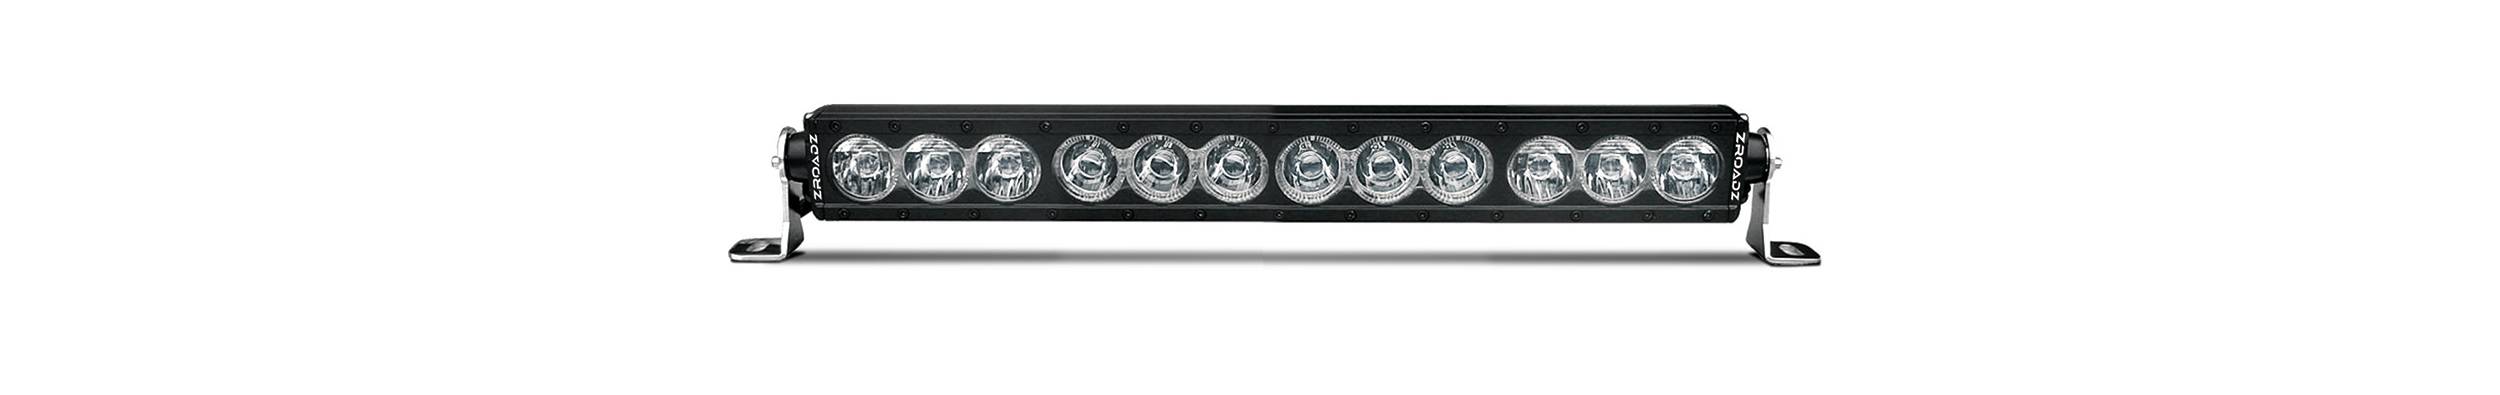 ZROADZ OFF ROAD PRODUCTS - 20 Inch LED Straight Single Row Tri Beam Light Bar - PN #Z30NTM01-20
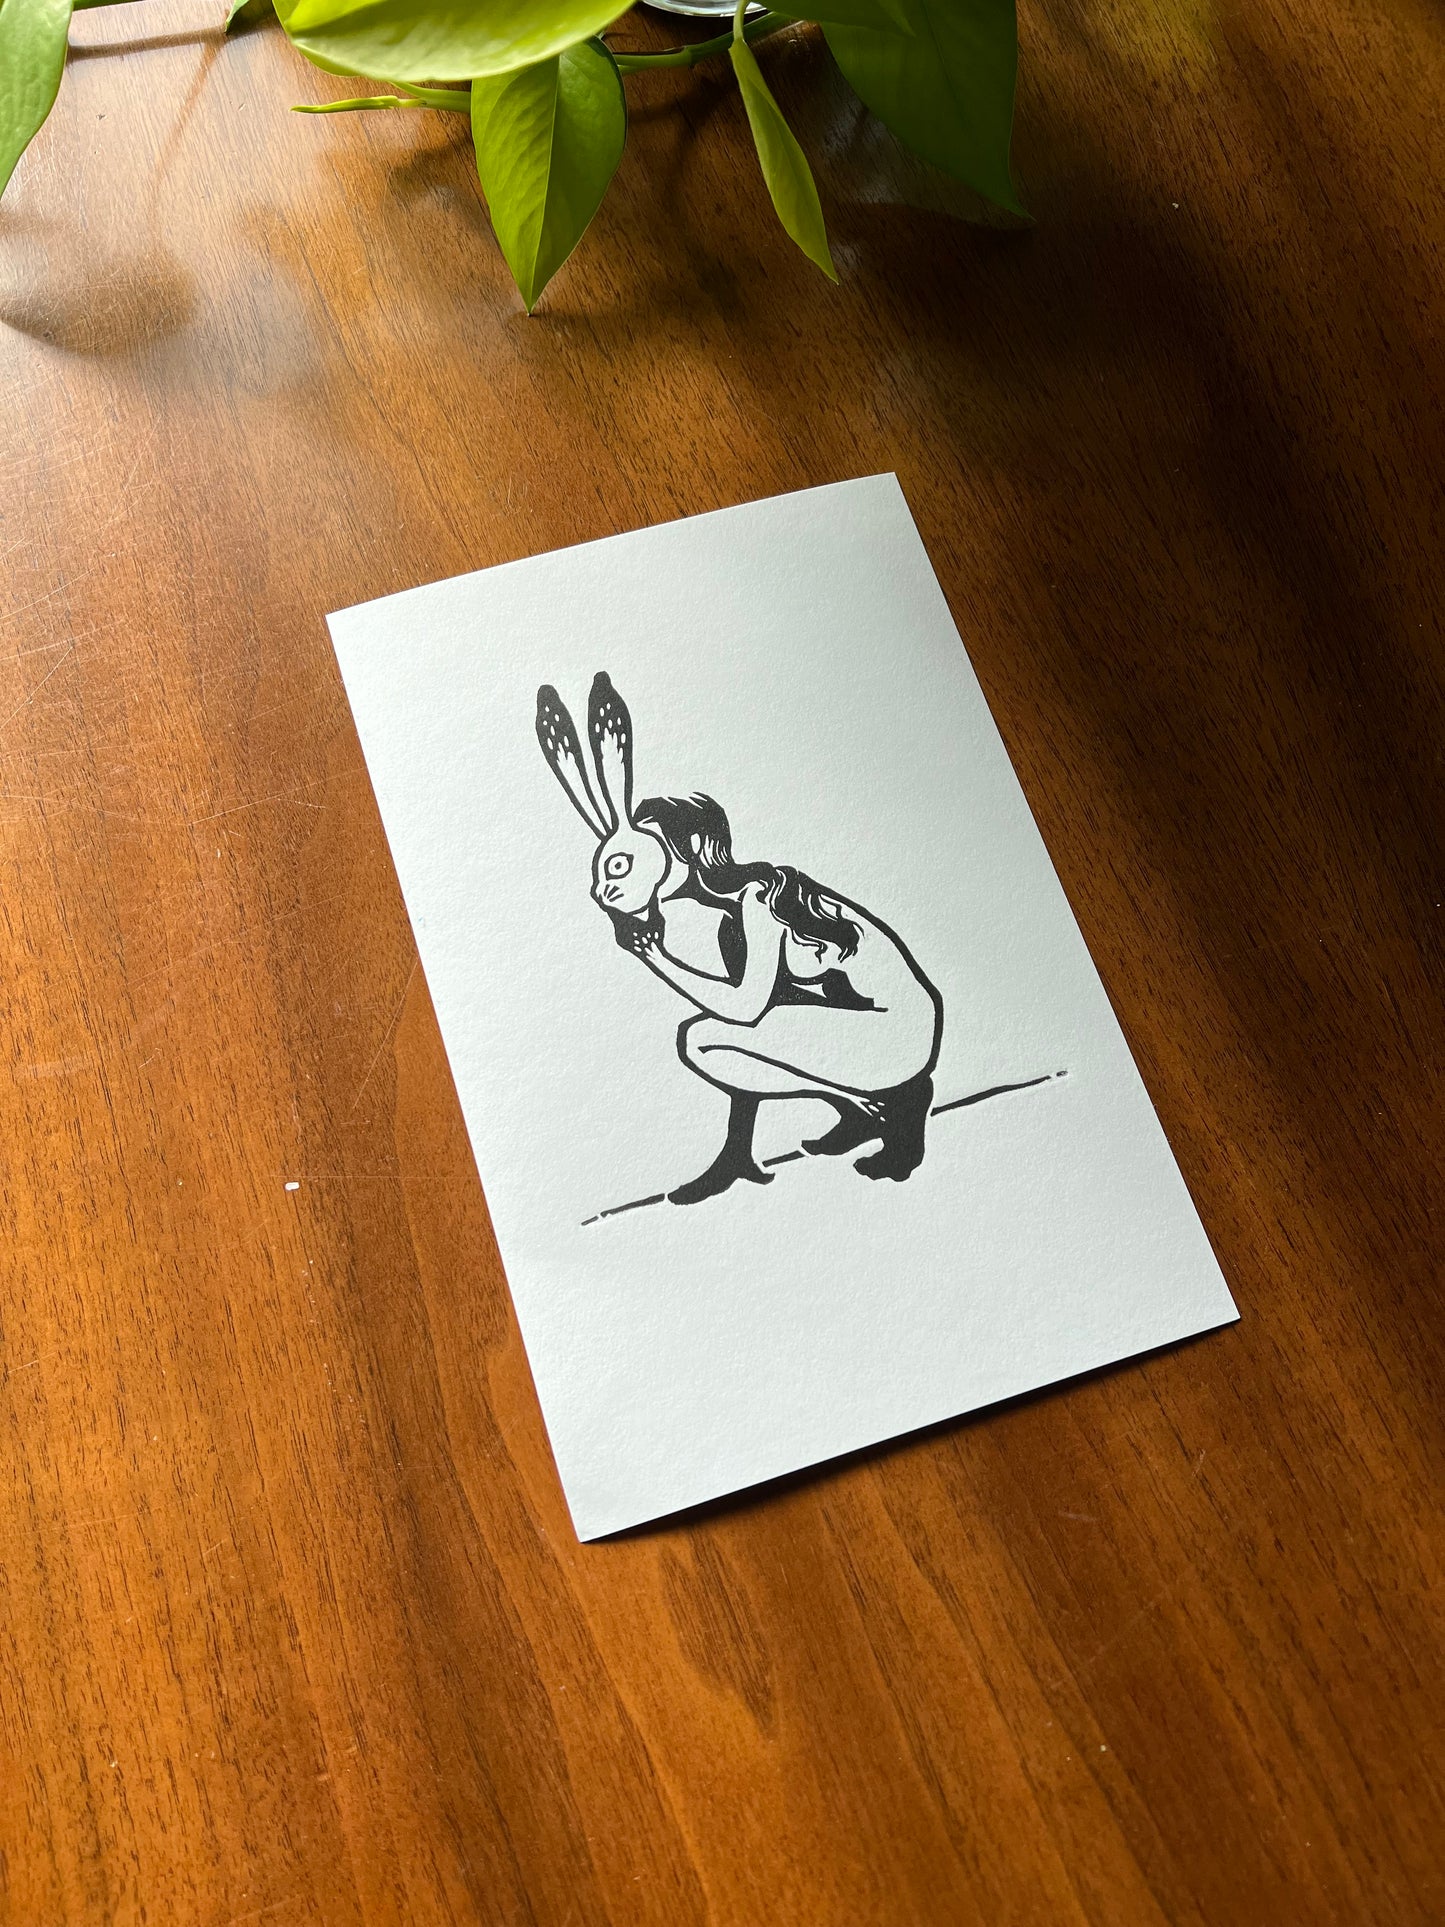 Year of the Rabbit - Handprinted Linocut
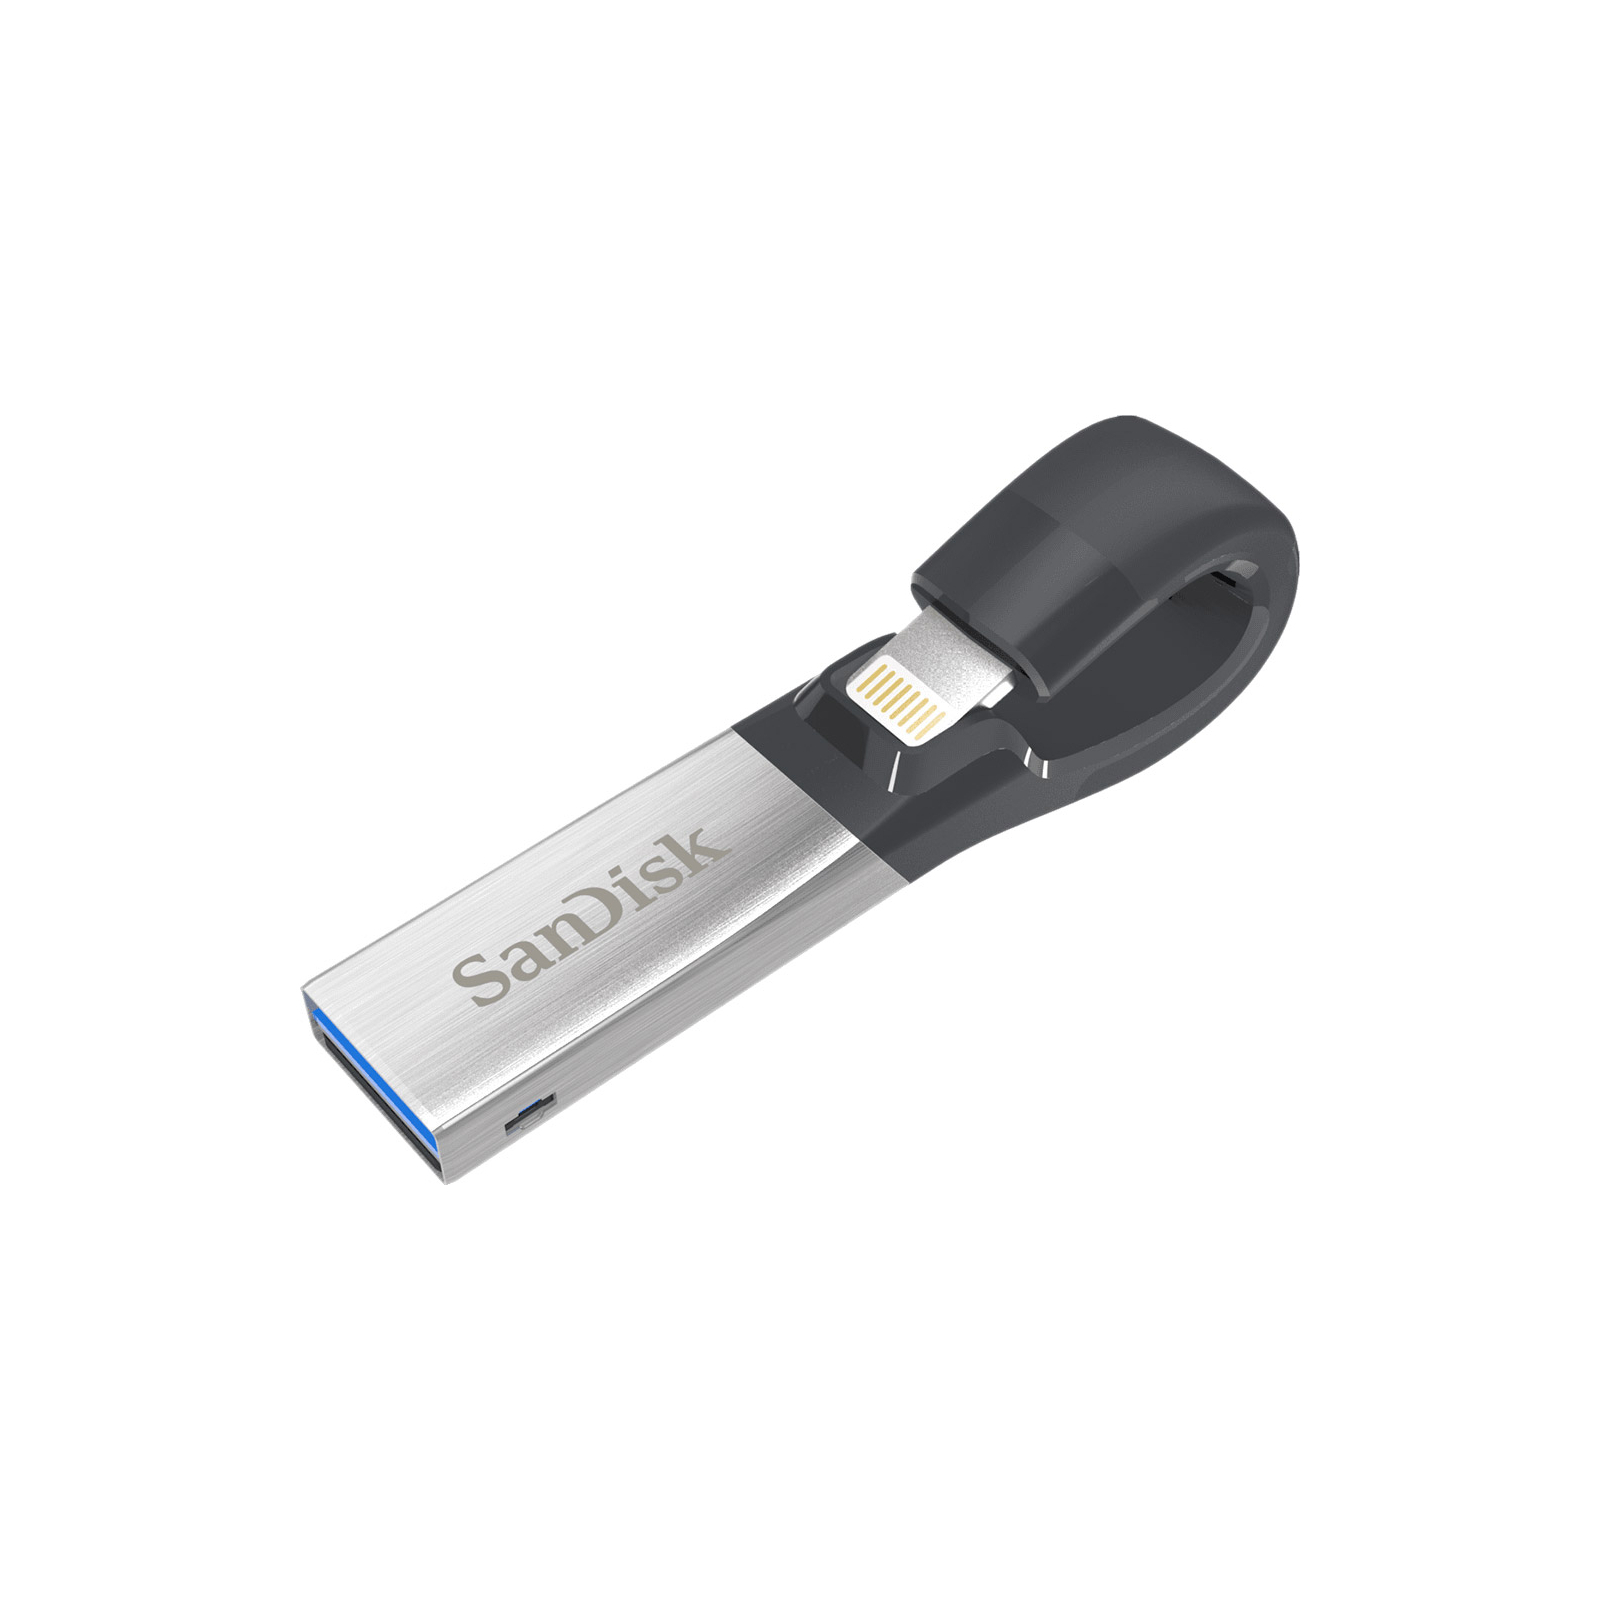 USB флеш накопитель SanDisk 32GB iXpand USB 3.0/Lightning (SDIX30C-032G-GN6NN) изображение 2

■ ■ ■ ■ ■

:: What you should do ::
Please produce an exact copy of all the material, leaving out the pictures.

:: Solved problem ::
 ZROADZ OFF ROAD PRODUCTS - 20 Inch LED Straight Single Row Tri Beam Light Bar - PN #Z30NTM01-20
 Year of the Rabbit - Handprinted Linocut
 USB флеш накопитель SanDisk 32GB iXpand USB 3.0/Lightning (SDIX30C-032G-GN6NN) изображение 2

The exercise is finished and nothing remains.